At a moving ceremony at the Arromanches site of Gold Beach, on Saturday afternoon, officials paid tribute to the British and Dutch troops who landed there.

Frédéric Sommier, director of the town’s D-day museum, told the crowd who gathered: “It is the first time since 1945 that we have gathered to commemorate without the principal actors... the men and women who lost their lives so that we could have back our freedom.”

British-born Adrian Cox, a local councillor in Arromanches where he runs a bed and breakfast, says the disappearance of the veterans – now in their 90s – is something the Normandy coastline will have to accept.

“In a few years there will be no veterans returning and so it will be about remembering them... If we want to keep the story of D-Day alive and people interested, we have to find a way to do it without the veterans,” Cox said.

In the absence of the old soldiers and their families, Steven Oldrid, a British expat who has lived in Normandy for more than 20 years, was a man on a mission to honour the dead, laying wreaths and crosses around Sword Beach, one of five Allied landing sites.

At Ranville cemetery, Oldrid placed a cross at the headstone of Jack Barringer, 29, who drowned when his landing craft sank.
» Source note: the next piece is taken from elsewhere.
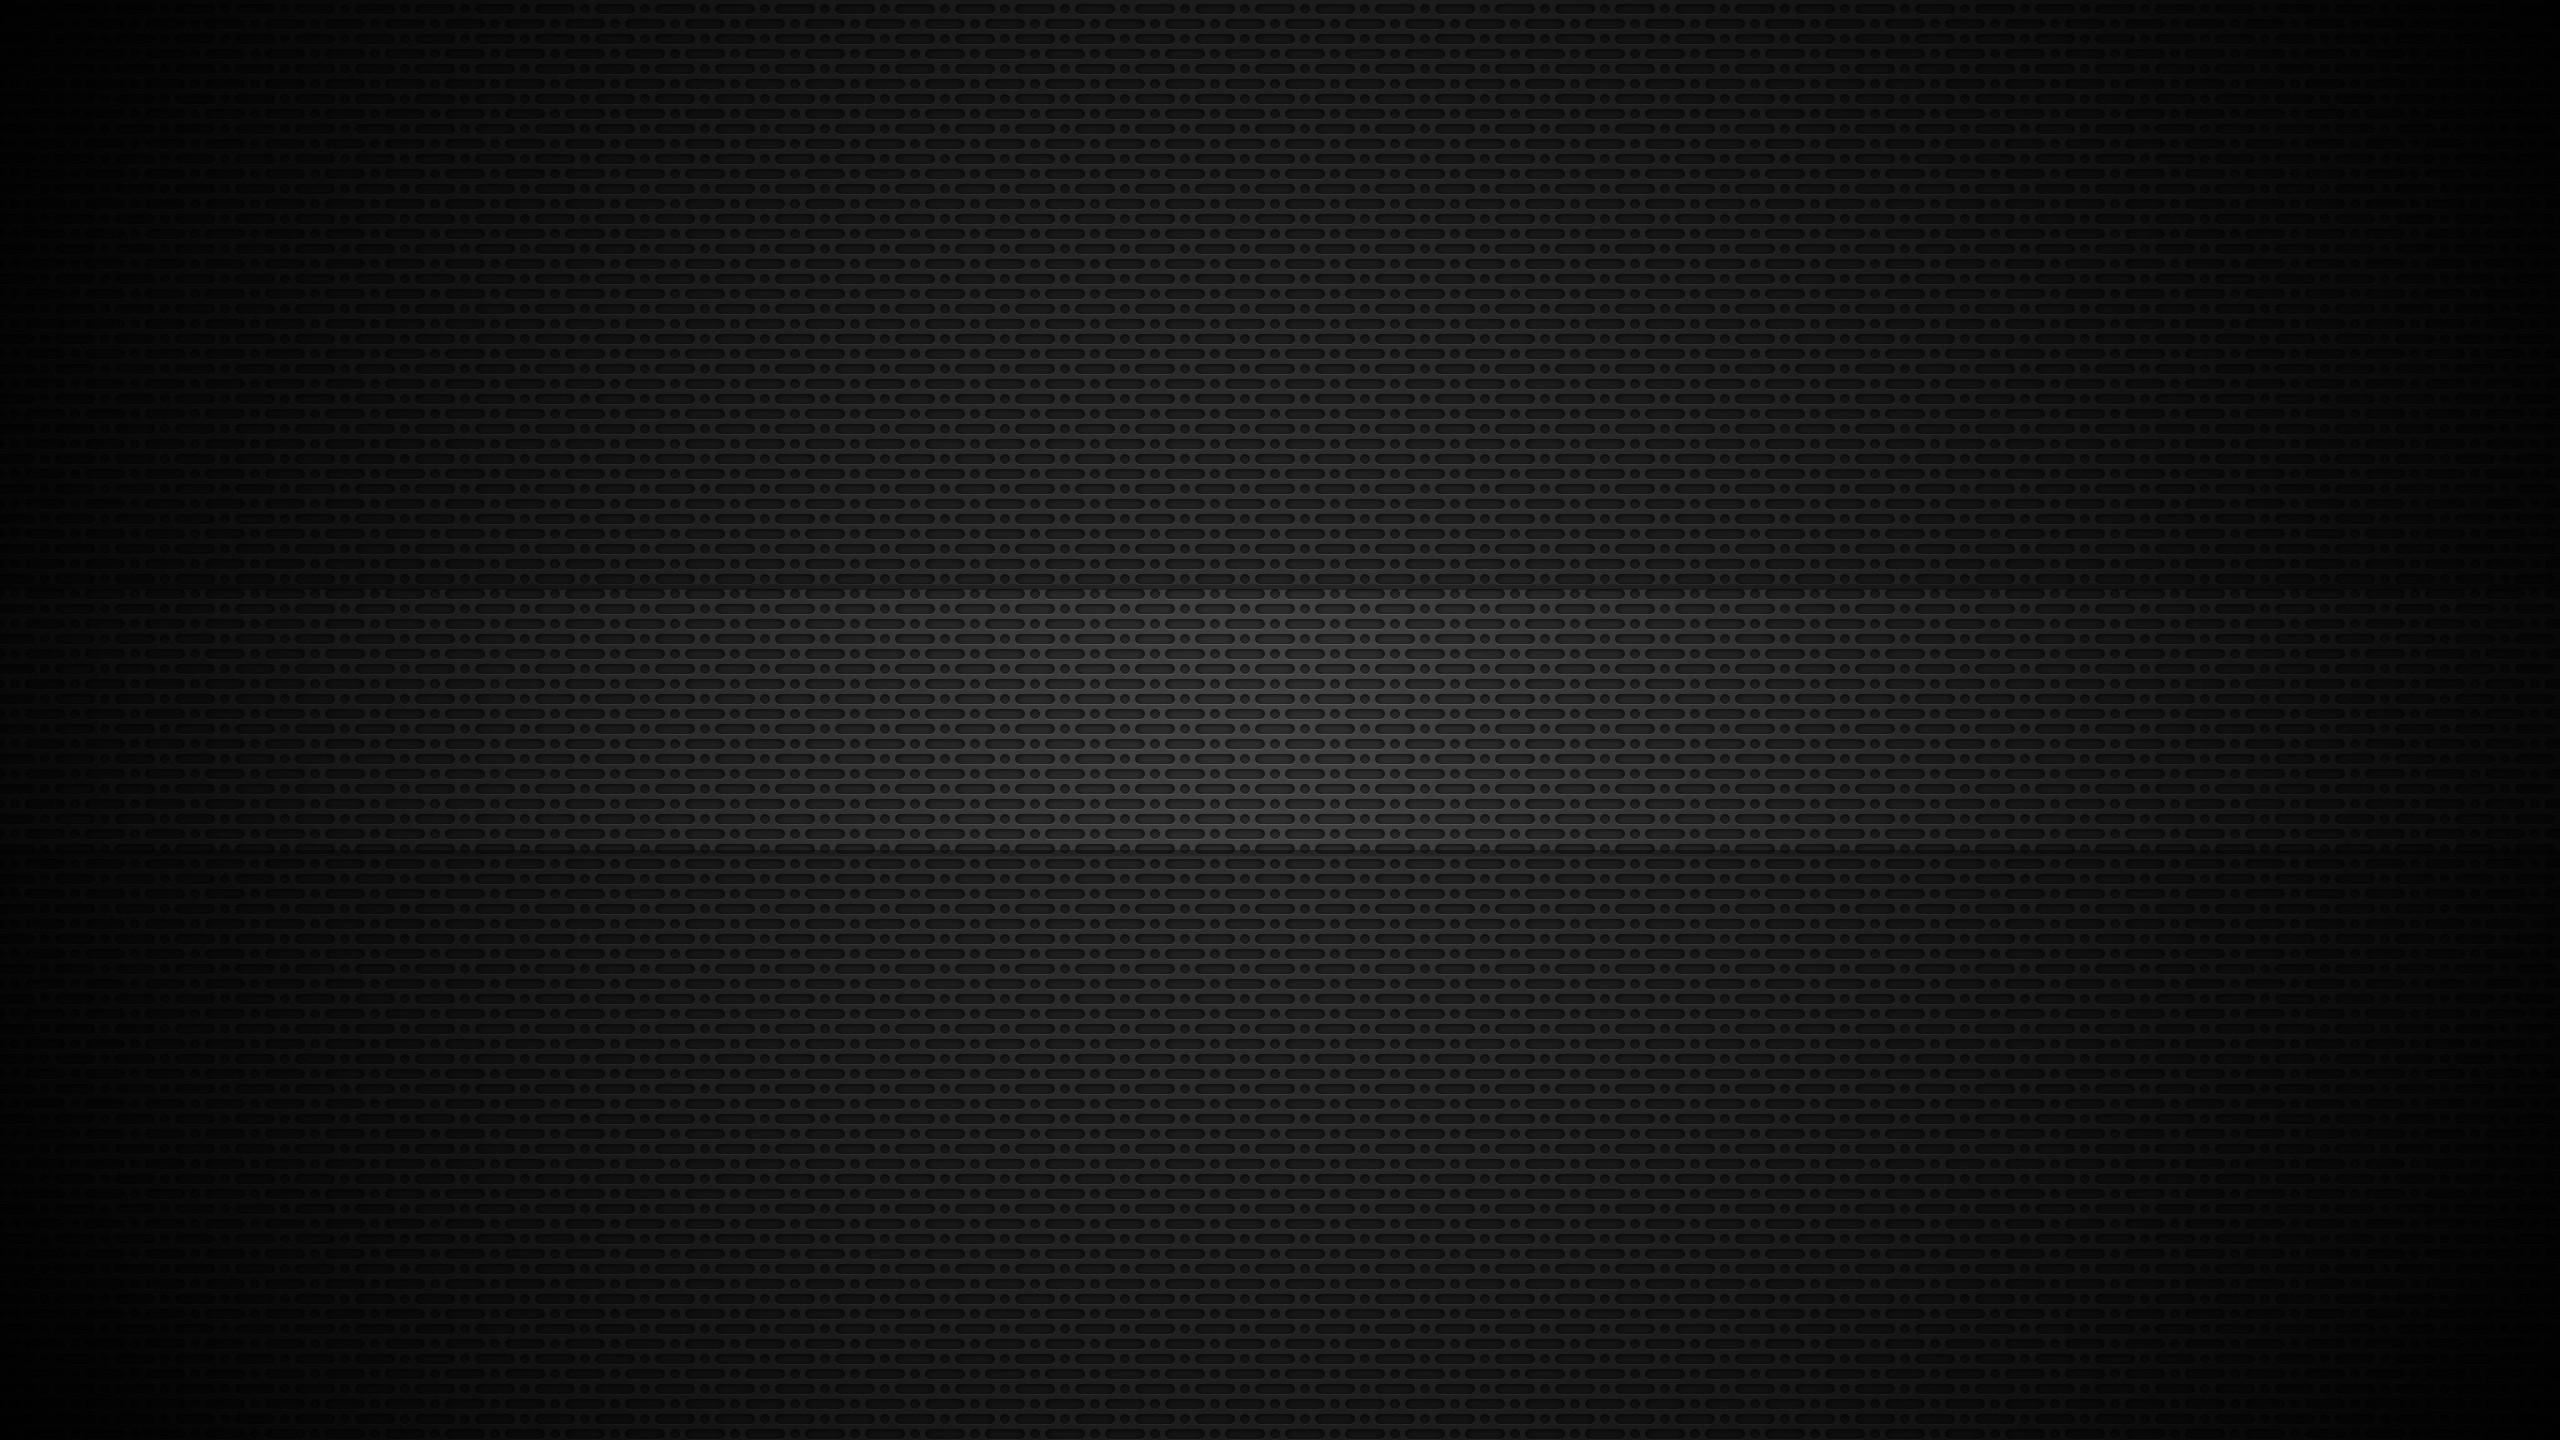 YouTube Gaming 2048X1152 Wallpaper Image Gallery – Photonesta

At Bénouville cemetery he read out the names of 23 men who died on behalf of their comrades and families during D-day.

“I’m more than happy to do this. The veterans have suffered a lot during this two-month lockdown and we have lost a couple of them recently. We are losing more and more so every year really does count,” Oldrid said, turning away as his eyes filled with tears.

“We have to keep remembering these men. They were true heroes”.

With the planned international ceremony cancelled, it was left to representatives from nine countries – including the British and American ambassadors to France – to lay wreaths at Vierville-sur-Mer near the American landing sector at Omaha Beach.

There was the traditional commemorative service for British fallen at Bayeaux cathedral but, as with all this year’s events, the order was to keep it swift, short and at a “social distance” of 1 metre.

At midday, in the British cemetery at Bayeaux, the UK’s ambassador to France Ed Llewellyn led a simple wreath-laying commemoration.

“It’s a very simple ceremony but we hope the veterans who were not able to be here today will see that we were here to commemorate their comrades who were left behind. It’s a great honour to be here to pay tribute on behalf of our country and the veterans,” Llewellyn said afterwards.

There was just one Allied soldier on the D-day beaches this year: Charles Norman Shay, a native American, 95, who was drafted into the US military aged 19. Shay, who now lives in Normandy, was a combat medic on Omaha Beach on D-day treating – and saving – many of the wounded.

“This year, I feel very fortunate that I am still alive,” Shay said, admitting he would miss the presence of veteran comrades. “It’s a sad thing that something like this has happened [the virus] but there’s not much we can do about it.”

“It’s 76 years from what happened here… so many young men were lost. We all hoped it would never happen again, but we can never be sure. It’s important to send, to reinforce and renew this message of peace.”